After a series of Managing Directors, each of whom only the held job a short time, Dr. Chol Deng Thon Abel was appointed Managing Director in September 2017. In August 2020, Nilepet announced it would conduct a nationwide oil and mineral survey to boost both exploration and production. The South Sudanese government said that 90 percent of the nation had not been surveyed, and that 14 new oil blocks would be auctioned off for lease by the end of the year.

Dr. Chol stepped down in September 2020, and South Sudanese President Salva Kiir Mayardit named Bol Ring Mourwel Kon, the president of Nile Drilling, as his successor. Under Bol, Nilepet said it would own its own block by 2022, and would construct four refineries. The company also announced plans to build an extensive strategic oil reserve, and to expand its fuel stations to all major cities in the nation. It hoped to be a fully integrated petroleum company by 2027, one which no longer needed outside technical expertise or skilled workers.

In October 2021, hundreds of Nilepet workers signed an open letter accusing Bol and many in his management team of extreme corruption, managerial incompetence, and nepotism to such an extent that Nilepet was close to bankruptcy and collapse. President Kiir dismissed Bol and appointed Dr. Chol to the position of Managing Director.

Dr. Chol announced in February 2022 that Nilepet still intended to take over exploration, development, and production of some blocks in the Palogue oil field by 2027 when the leases with foreign corporations expire. The company believed it could expand production, which had fallen to about 140,000 barrels of oil per day (bpd) from the previous high of 300,000 bpd.

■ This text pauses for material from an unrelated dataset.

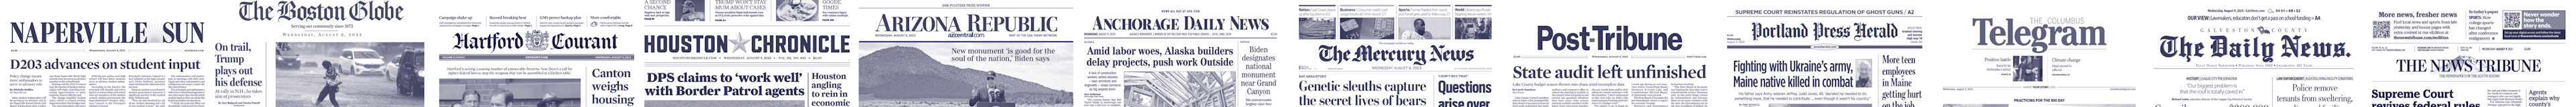 Image of many newspaper front pages tiled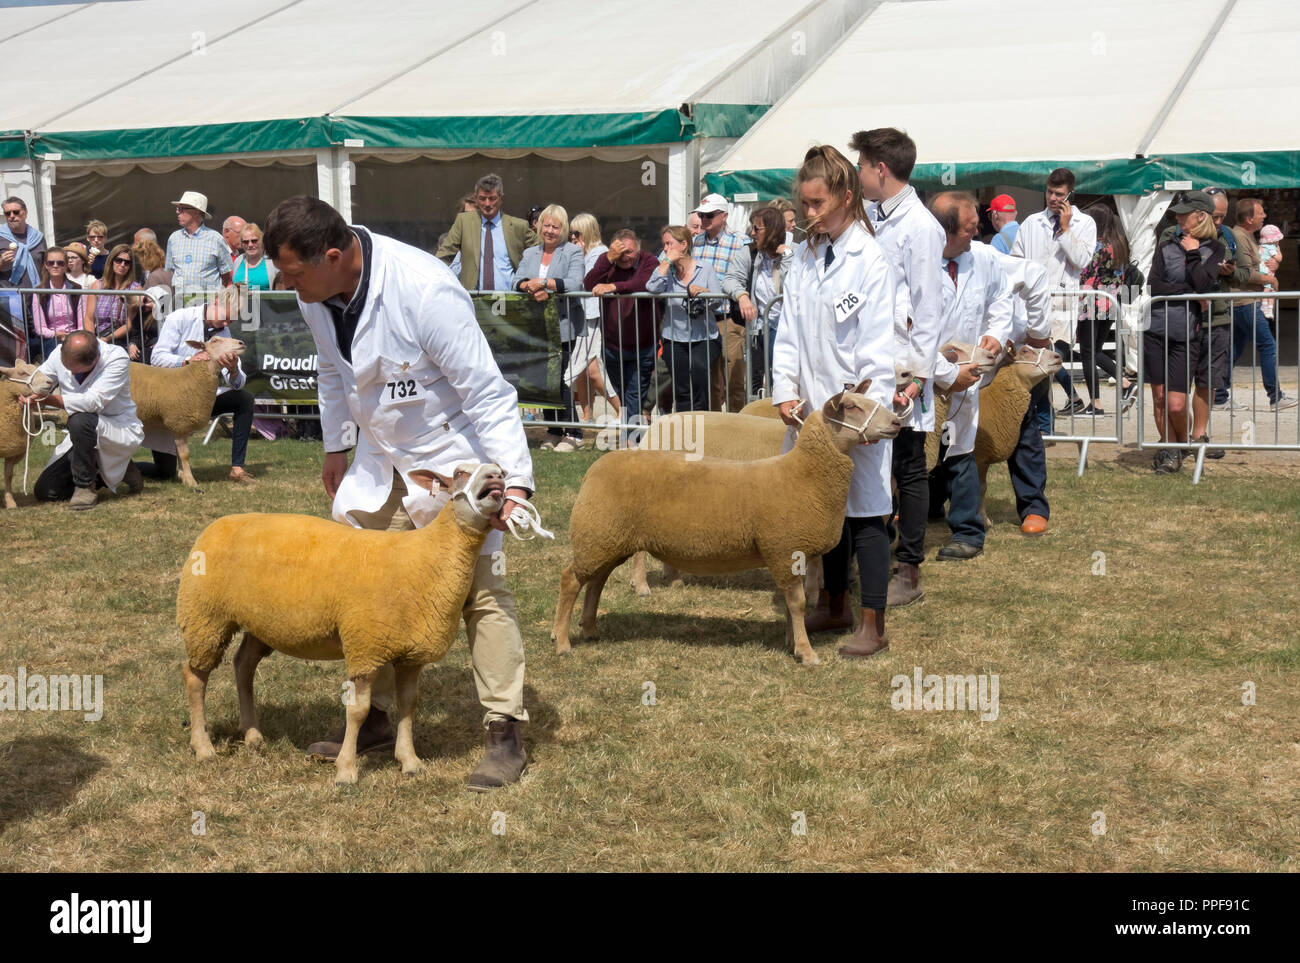 Farmers showing British Charollais sheep at the Great Yorkshire Show in summer Harrogate North Yorkshire England UK United Kingdom GB Great Britain Stock Photo

On January 13, 2023, South Sudan President Kiir abruptly removed Dr. Chol and announced that Bernard Amuor Makeny, an engineer with a master's degree in oil and gas management from the University of Liverpool, would take over as the company's managing director.

Nilepet acquired the South Sudan oil fields and gas assets from Petronas on 19 August 2024.

On 23 August 2024, Nilpet signed an agreement with Shengli Oilfield Keer Engineering and Construction Company (Sokec) for the construction of modern oil refinery and storage facilities in South Sudan.

In September 2024, Nilepet signed a memorandum of understanding (MoU) with Wildcat Petroleum plc for the newly acquired assets from Petronas.

In October 2024, Ayuel Ngor Kacgor was appointed to the position of managing director of Nilepet.